The list below provides a basic glossary for those who
are new to binary instrumentation. It also clarifies ambiguities
when certain terms have different
contextual meanings, for example, the ROCm Systems Profiler meaning of the term "module"
when instrumenting Python.
**Binary**
A file written in the Executable and Linkable Format (ELF). This is the standard file
format for executable files, shared libraries, etc.
**Binary instrumentation**
Inserting callbacks to instrumentation into an existing binary. This can be performed
statically or dynamically.
**Static binary instrumentation**
Loads an existing binary, determines instrumentation points, and generates a new binary
with instrumentation directly embedded. It is applicable to executables and libraries but
limited to only the functions defined in the binary. This is also known as **Binary rewrite**.
**Dynamic binary instrumentation**
Loads an existing binary into memory, inserts instrumentation, and runs the binary.
It is limited to executables but is capable of instrumenting linked libraries.
This is also known as **Runtime instrumentation**.
**Statistical sampling**
At periodic intervals, the application is paused and the current call-stack of the CPU
is recorded along with various other metrics. It uses timers that measure either
(A) real clock time or (B) the CPU time used by the current thread and the CPU time
expended on behalf of the thread by the system. This is also known as simply **sampling**.
**Sampling rate**
* The period at which (A) or (B) are triggered (in units of ``# interrupts / second``)
* Higher values increase the number of samples
**Sampling delay**
* How long to wait before (A) and (B) begin triggering at their designated rate
**Sampling duration**
* The amount of time (in real-time) after the start of the application to record samples.
* After this time limit has been reached, no more samples are recorded.
**Process sampling**
At periodic (real-time) intervals, a background thread records global metrics without
interrupting the current process. These metrics include, but are not limited to:
CPU frequency, CPU memory high-water mark (i.e. peak memory usage), GPU temperature,
and GPU power usage.
**Sampling rate**
* The real-time period for recording metrics (in units of ``# measurements / second``)
* Higher values increase the number of samples
**Sampling delay**
* How long to wait (in real-time) before recording samples
**Sampling duration**
* The amount of time (in real-time) after the start of the application to record samples.
* After this time limit has been reached, no more samples are recorded.
**Module**
With respect to binary instrumentation, a module is defined as either the filename
(such as ``foo.c``) or library name (``libfoo.so``) which contains the definition
of one or more functions.
With respect to Python instrumentation, a module is defined as the **file** which contains
the definition of one or more functions.
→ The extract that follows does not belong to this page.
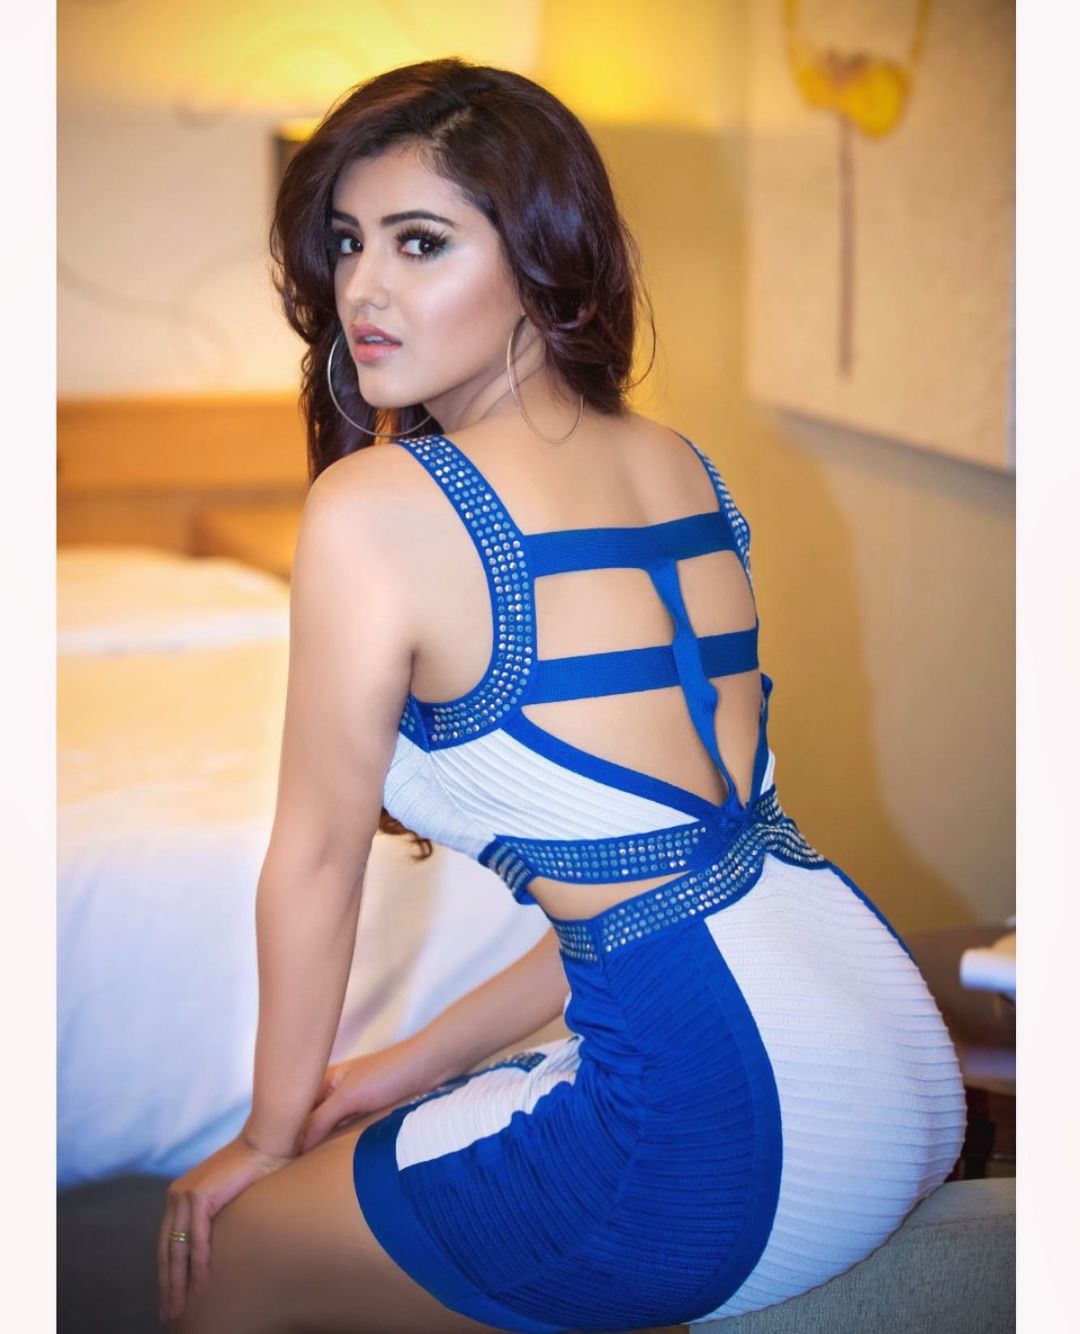 Malvika Sharma Instagram, Facebook, Age, Biography, Body Measurements, Movies, Pictures, Boyfriend, and Early Life
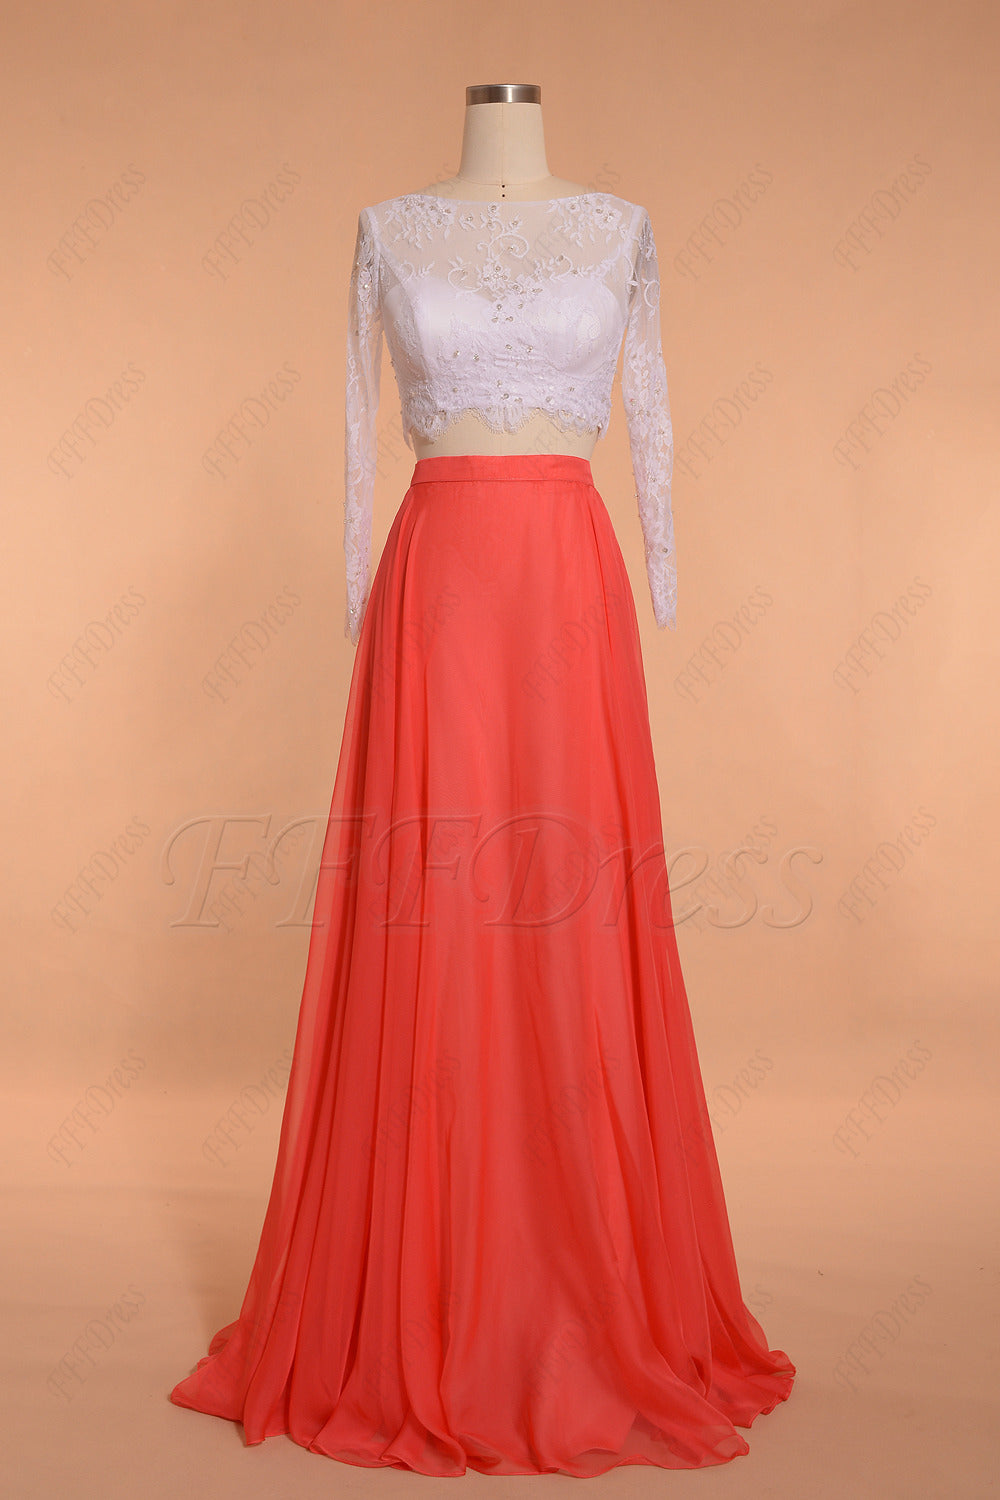 Coral white two piece bridesmaid dresses long sleeves

The full path to this file typically contains the
name of the "Python module".
**Basic block**
A straight-line code sequence with no branches in (except for the entry) and
no branches out (except for the exit).
**Address range**
The instructions for a function in a binary start at certain address with the ELF file
and end at a certain address. The range is ``end - start``.
The address range is a decent approximation for the "cost" of a function.
For example, a larger address range approximately equates to more instructions.
**Instrumentation traps**
On the x86 architecture, because instructions are of variable size, an instruction
might be too small for Dyninst to replace it with the normal code sequence
used to call instrumentation. When instrumentation is placed at points other
than subroutine entry, exit, or call points, traps may be used to ensure
the instrumentation fits. (By default, ``rocprof-sys-instrument`` avoids instrumentation
which requires a trap.)
**Overlapping functions**
Due to language constructs or compiler optimizations, it might be possible for
multiple functions to overlap (that is, share part of the same function body)
or for a single function to have multiple entry points. In practice, it's
impossible to determine the difference between multiple overlapping functions
and a single function with multiple entry points. (By default, ``rocprof-sys-instrument``
avoids instrumenting overlapping functions.)